At its Granite City, Illinois, campus, the community college offers an associate degree in precision machining technology along with a number of specialized career certificate programs including CNC machining, advanced CNC programming and a certificate in Mastercam CAD/CAM software from CNC Software LLC., Tolland, Conn.
“Not only do we strive to prepare our students with strong technical skills, we work to keep our curriculum relevant—with student employability being our highest priority,” says Mark Bosworth, industrial technology coordinator. “We are proud of our placement rate of over 98% for students completing the precision machining technology program.”
CNC on the Go
Helping with outreach and exposure for the machining program is SWIC’s CNC mobile lab, a 34-ft (10-m) trailer equipped with four Tormach CNC mills, two Tormach lathes and Mastercam CAD/CAM software. The lab brings a “What CNC machining is all about” mantra and technology to public venues, large-scale events, schools (grade, middle and high) and even offers its equipment to area high schools that are launching machining programs.
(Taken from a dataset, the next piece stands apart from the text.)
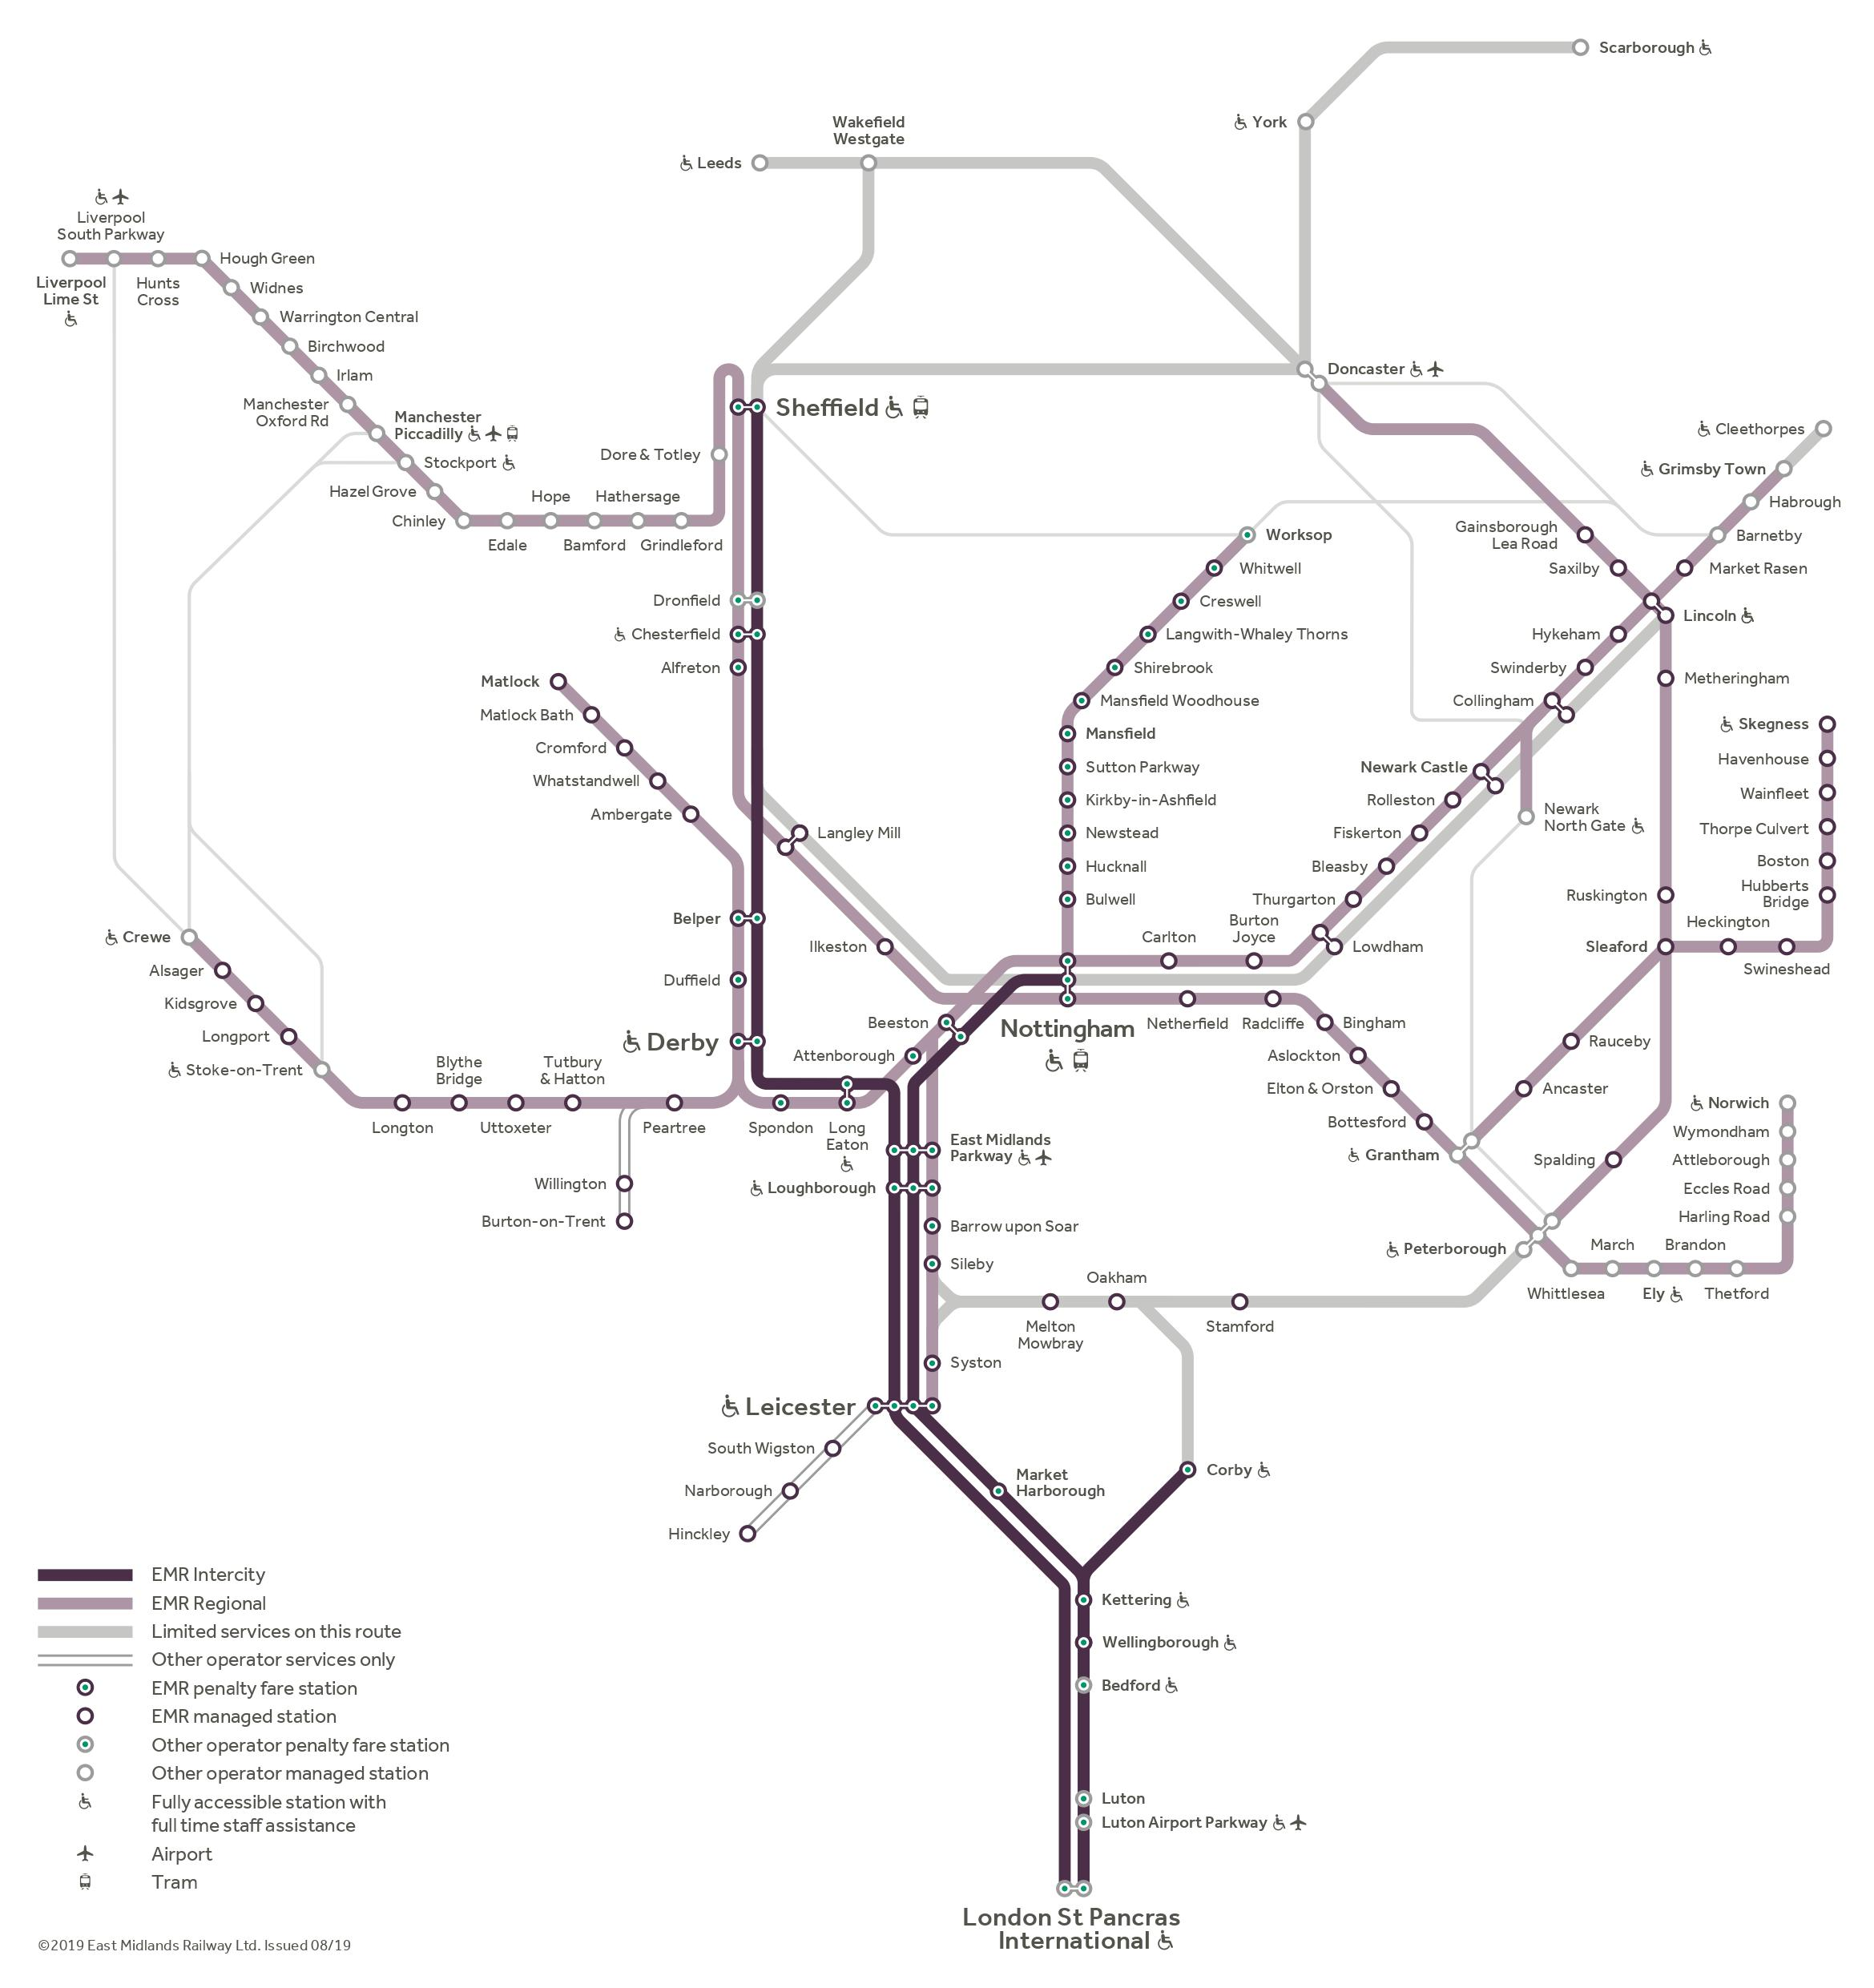 Train route map of East Midlands   EMR   East Midlands Railway
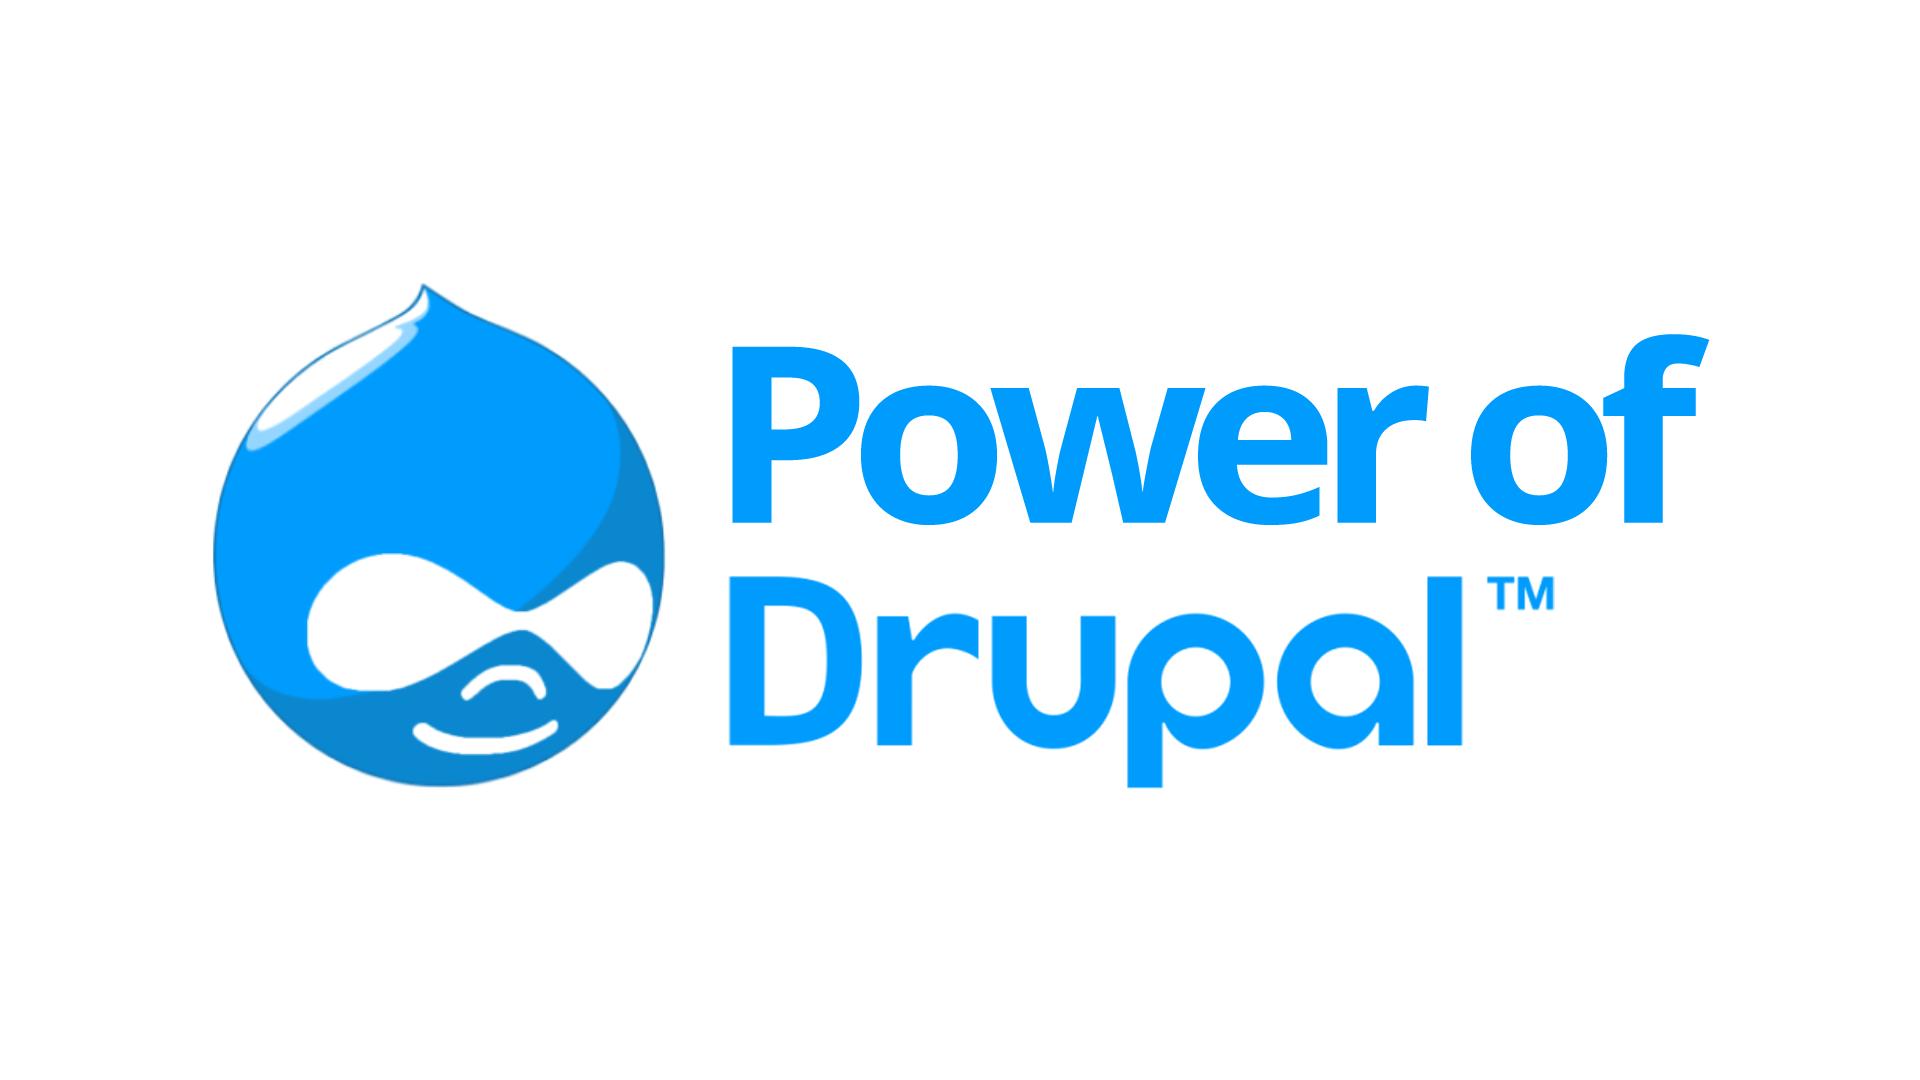 Open source drupal groups power of drupal finally in english xflitez Gallery

The mobile lab travels to more than 50 events each year, including three national races at the World Wide Technology Raceway (Madison, Illinois). It was on site at the inaugural NASCAR race in 2022 and was part of this year’s NASCAR race, along with NHRA hotrod and IndyCar Series races.
“The racing events have allowed us to capture the attention of over 50,000 spectators at each gathering, expanding the reach of our efforts even further,” Bosworth says. “But the impact of our mobile CNC lab extends beyond schools and races. We were honored to be invited to participate in the Illinois State Fair in Springfield for its STEM expo over the past few years.”
Mastercam programming and CNC machining were demonstrated as part of the expo, an event highlighting innovation and emerging career and educational opportunities in STEM fields.
In addition, the Illinois Skills USA contest has used the lab for its CNC contests in Peoria, further promoting SWIC’s presence in various educational and skill-building events. Thanks to these efforts, the CNC lab’s impact has not gone unnoticed. Requests come in from out-of-state schools wishing to experience the lab firsthand. Several colleges and organizations have contacted SWIC about creating similar mobile labs for their own regions.
SWIC’s precision machining technology program costs $15,000, which is said to be about half that of local private institutions.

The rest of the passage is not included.